● **PROBLEM TO SOLVE**:
Print the listing below word for word, but drop any pictures it contains.

● **STORED DATA**:
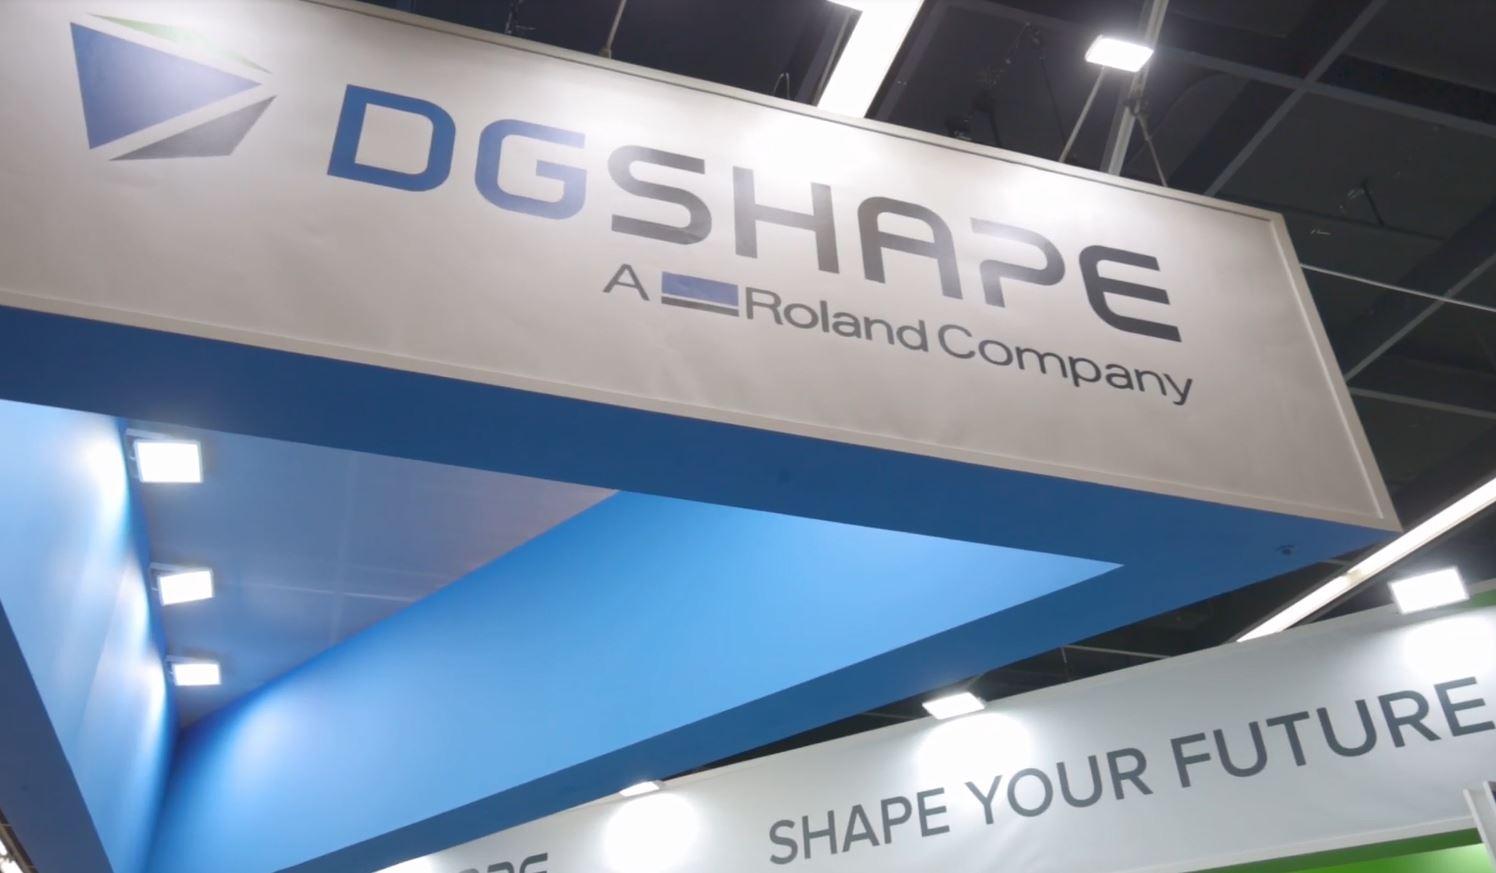 DGSHAPE at IDS 2019
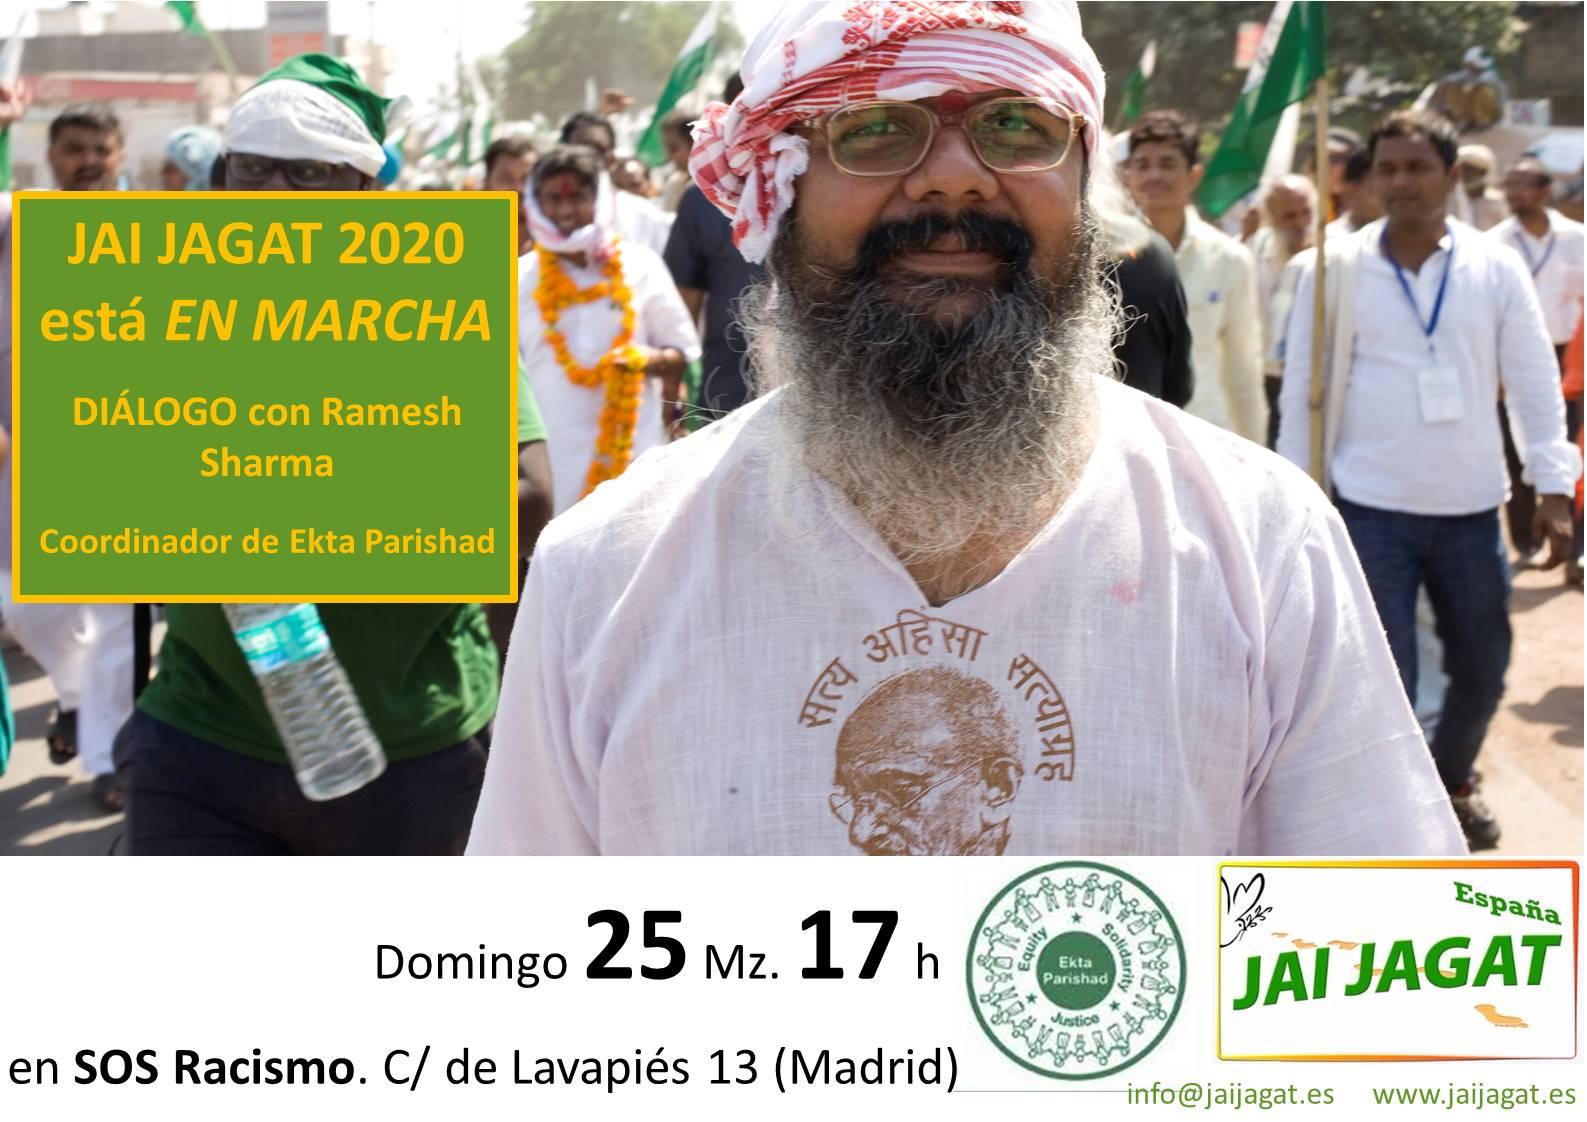 Madrid: Jai Jagat 2020 está en marcha
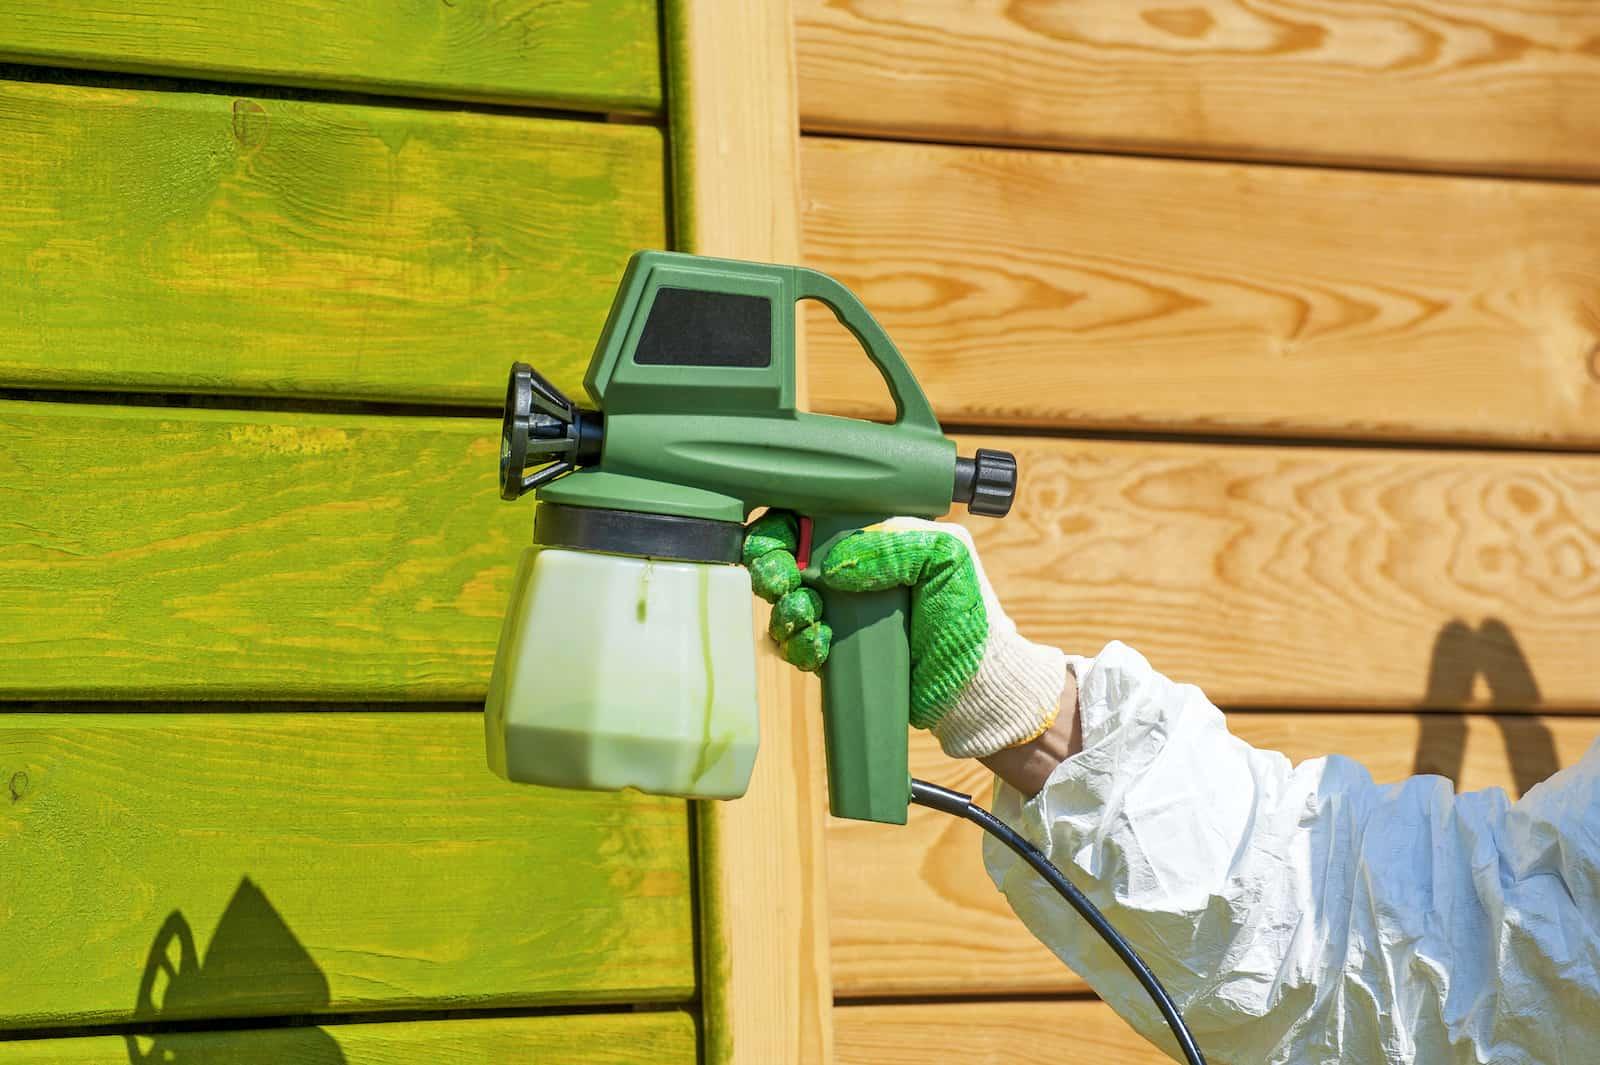 7 Best Paint Sprayers of 2021

● **RESPONSE AREA**:
 DGSHAPE at IDS 2019
 Madrid: Jai Jagat 2020 está en marcha
 7 Best Paint Sprayers of 2021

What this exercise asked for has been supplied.